Funnel diagram showing attrition of study participants.
Descriptive data
Demographic and tumor characteristics
The median age of the entire study population was 58 (range, 17-87) years. At baseline, patients in the CTRT cohort had significantly worse tumor characteristics (29.2% had a diffuse type of tumor, 94.4% had stage II or III, 68.5% had lympho-vascular space invasion, and 85.4% had an involvement of lymph nodes, including 61.8% [47/76] who had an ECE) than those in the CT-alone cohort (Table 1).
Table 1.
Comparison of baseline variables in the 2 cohorts
| Variables | Categories/details | Total study population (N = 158) | CT-alone cohort (N = 69) | CTRT cohort (N = 89) | CT-alone vs CTRT cohort test statistic (df) |
CT-alone vs CTRT cohort P value (2 tailed)* |
|---|---|---|---|---|---|---|
| Demographic variables | ||||||
| Age (y) | Mean (SD) | 56.42 (12.240) | 57.91 (12.904) | 55.27 (11.641) | 1.350† (156) | .179 |
| Sex | Male | 101 (63.9%) | 45 (65.2%) | 56 (62.9%) | 0.089‡ (1) | .766 |
| Female | 57 (36.1%) | 24 (34.8%) | 33 (37.1%) | |||
| Tumor characteristics | ||||||
| Tumor location | Antro-pyloric | 98 (62.0%) | 41 (59.4%) | 57 (64.0%) | 6.519‡ (3) | .089 |
| GEJ | 9 (5.7%) | 7 (10.1%) | 2 (2.2%) | |||
| Fundus | 37 (23.4%) | 13 (18.8%) | 24 (27.0%) | |||
| Cardia | 14 (8.9%) | 8 (11.6%) | 6 (6.7%) | |||
| Tumor type | Intestinal | 30 (19.0%) | 8 (11.6%) | 22 (24.7%) | 19.218§ | <.001* |
| Diffuse | 32 (20.3%) | 6 (8.7%) | 26 (29.2%) | |||
| Mixed | 5 (3.2%) | 3 (4.3%) | 2 (2.2%) | |||
| Undifferentiated | 91 (57.6%) | 52 (75.4%) | 39 (43.8%) | |||
| Pathologic stage | I | 24 (15.2%) | 19 (27.5%) | 5 (5.6%) | 14.561‡ (2) | <.001* |
| II | 49 (31.0%) | 19 (27.5%) | 30 (33.7%) | |||
| III | 85 (53.8%) | 31 (44.9%) | 54 (60.7%) | |||
| Grade | 1 | 10 (6.3%) | 4 (5.8%) | 6 (6.7%) | 4.236§ | .341 |
| 2 | 56 (35.4%) | 29 (42.0%) | 27 (30.3%) | |||
| 3 | 85 (53.8%) | 32 (46.4%) | 53 (59.6%) | |||
| 4 | 1 (0.6%) | 1 (1.4%) | 0 (0.0%) | |||
| Unknown | 6 (3.8%) | 3 (4.3%) | 3 (3.4%) | |||
| Involvement of the lymph nodes | Positive lymph nodes with ECE | 73 (46.2%) | 26 (37.7%) | 47 (52.8%) | 16.591‡ (2) | <.001* |
| Positive lymph nodes without ECE | 42 (26.6%) | 13 (18.8%) | 29 (32.6%) | |||
| Lymph nodes-negative (not involved) | 43 (27.2%) | 30 (43.5%) | 13 (14.6%) | |||
| Perineural invasion | Positive | 70 (44.3%) | 29 (42.0%) | 41 (46.1%) | 0.257‡ (1) | .612 |
| Negative | 88 (55.7%) | 40 (58.0%) | 48 (53.9%) | |||
| Lympho-vascular space invasion | Positive | 94 (59.5%) | 33 (47.8%) | 61 (68.5%) | 6.920‡ (1) | .009* |
| Negative | 64 (40.5%) | 36 (52.2%) | 28 (31.5%) | |||
| Involvement of margins | Positive | 16 (10.1%) | 7 (10.1%) | 9 (10.1%) | 0.000‡ (1) | NA║ |
| Negative | 142 (89.9%) | 62 (89.9%) | 80 (89.9%) |
Abbreviations: CT = chemotherapy; CTRT = chemoradiation therapy; df = degree of freedom; ECE = extracapsular extension; GEJ = gastroesophageal junction; NA = not applicable.

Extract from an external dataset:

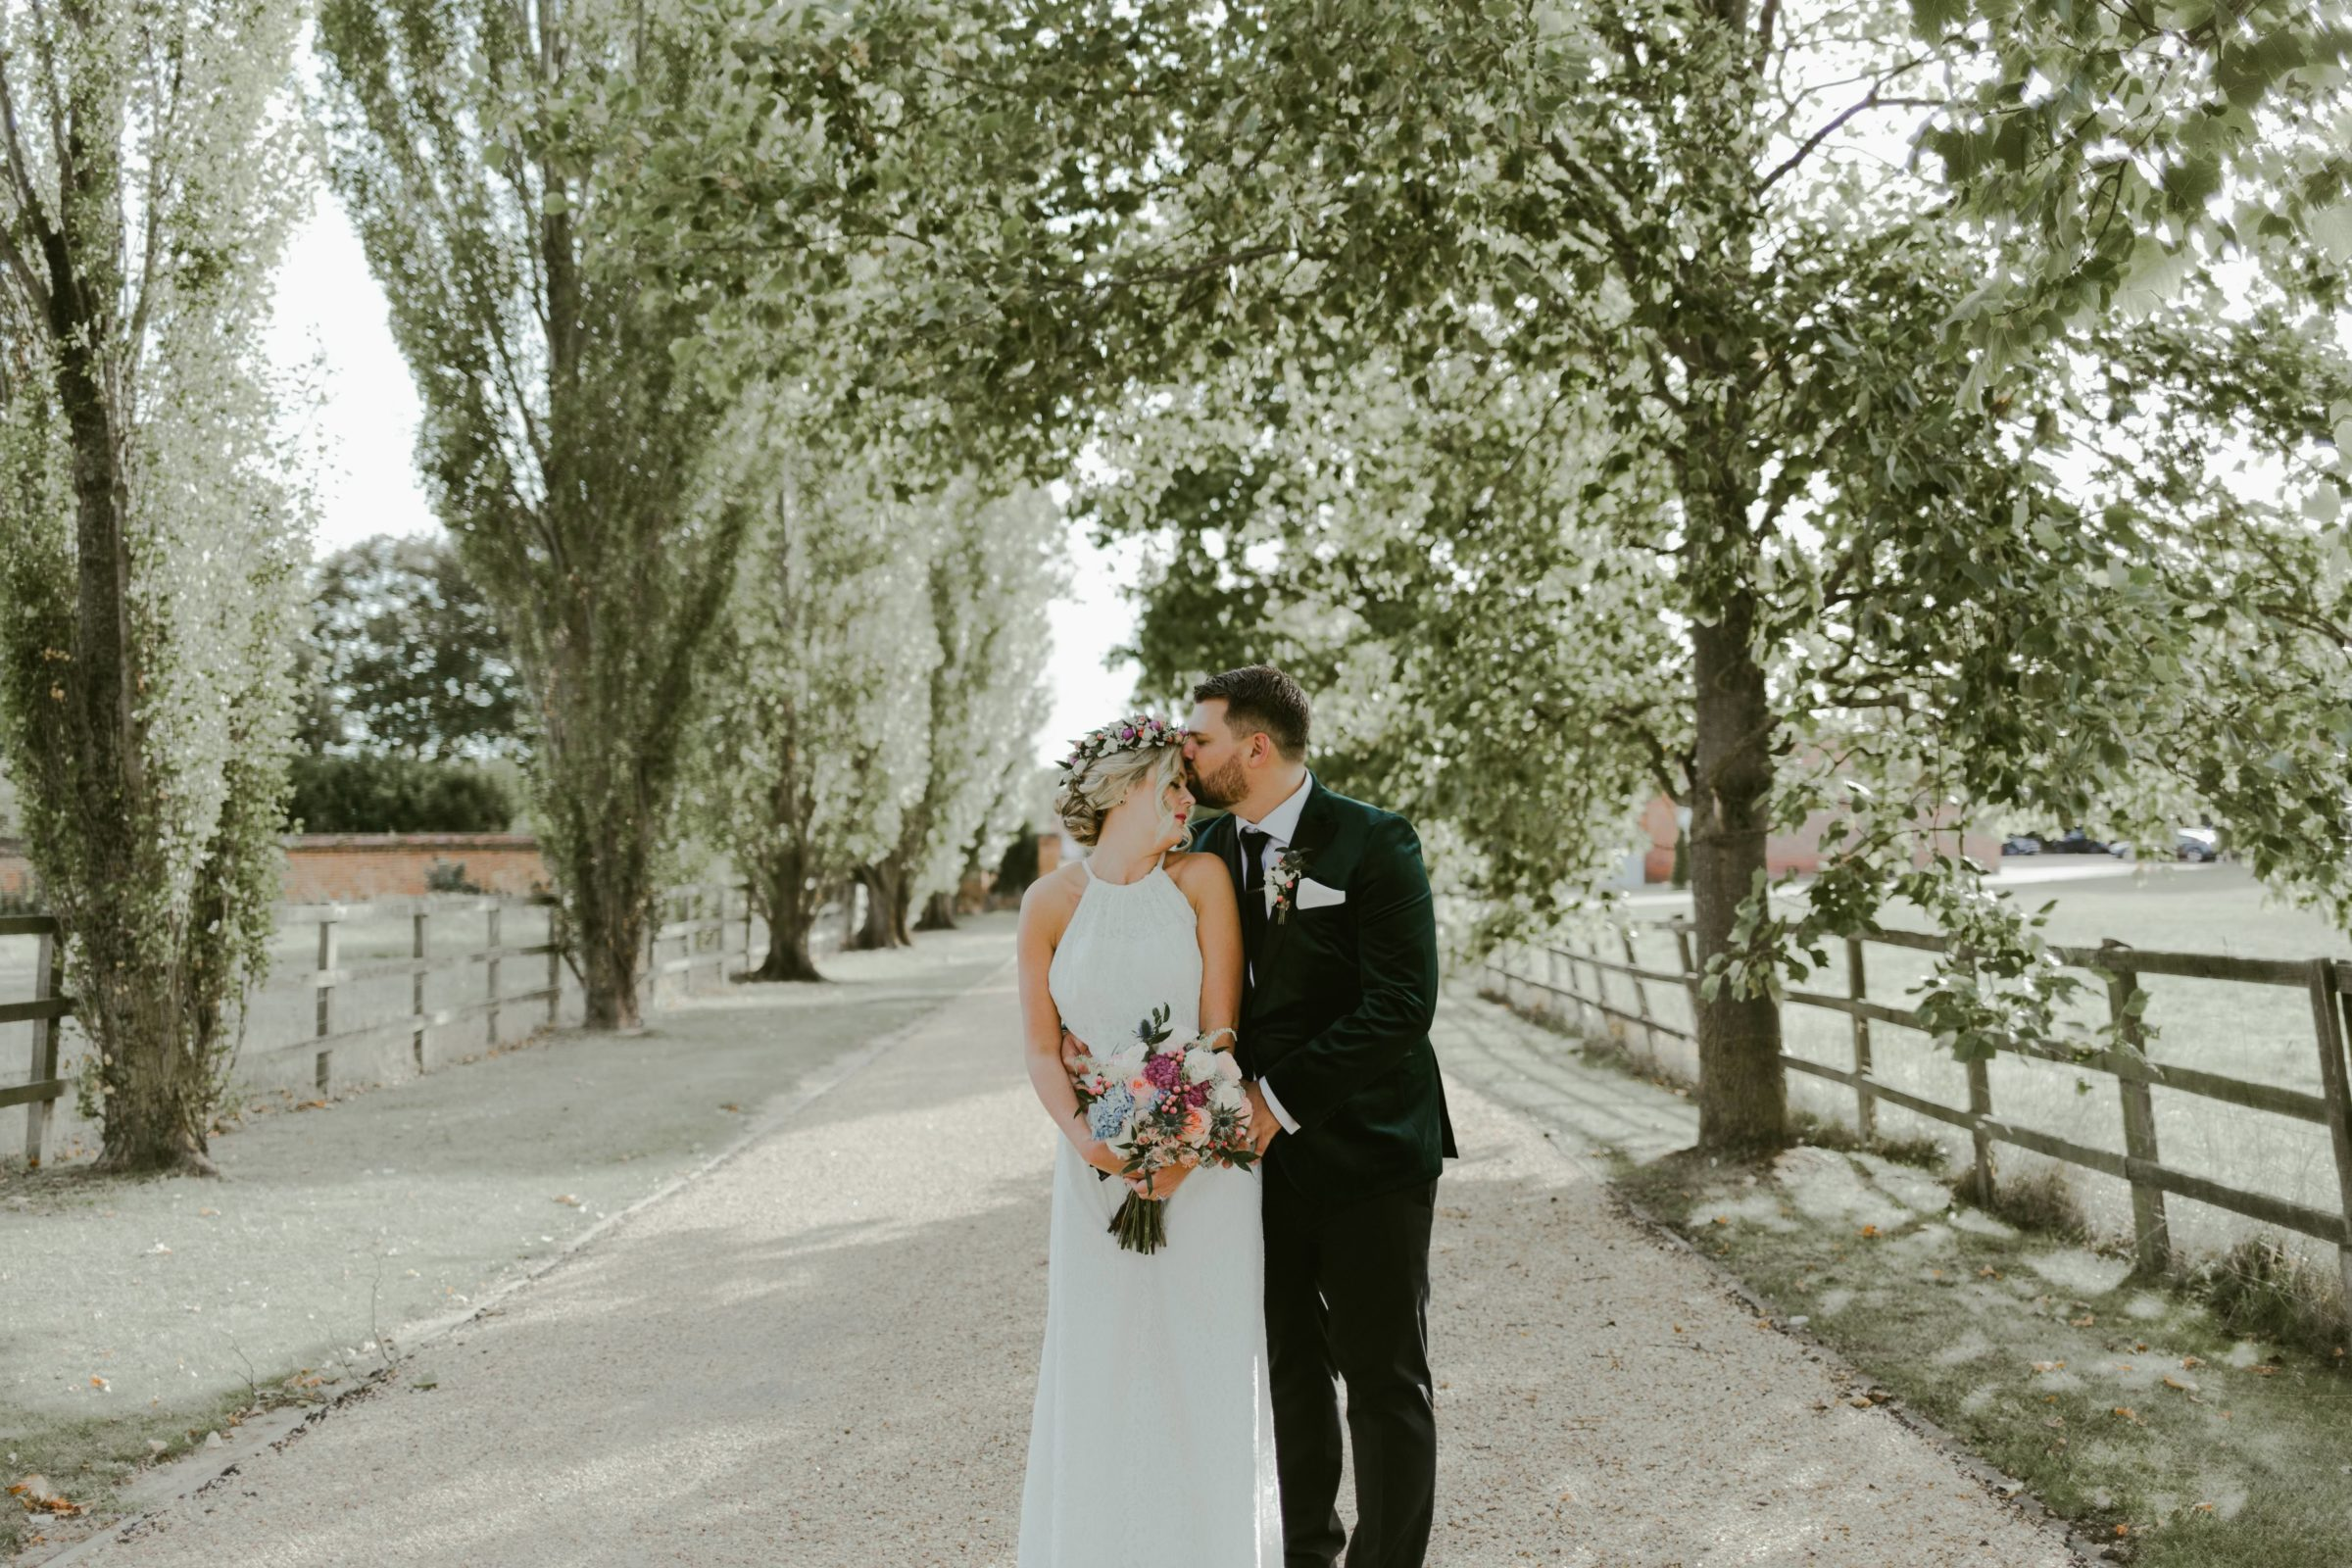 lillibrooke-manor-wedding-venue-photography-surrey-photographer

P ≤ .05 was considered significant.
t-Test statistic using independent samples t test. Equal variance assumed because Levene's test for equality of variances had a P value more than .05 (P = .271).
Pearson χ2 test.
Because >20% of cells had an expected count of less than 5, the Fisher-Freeman-Halton exact test was applied. The df is not reported with this test.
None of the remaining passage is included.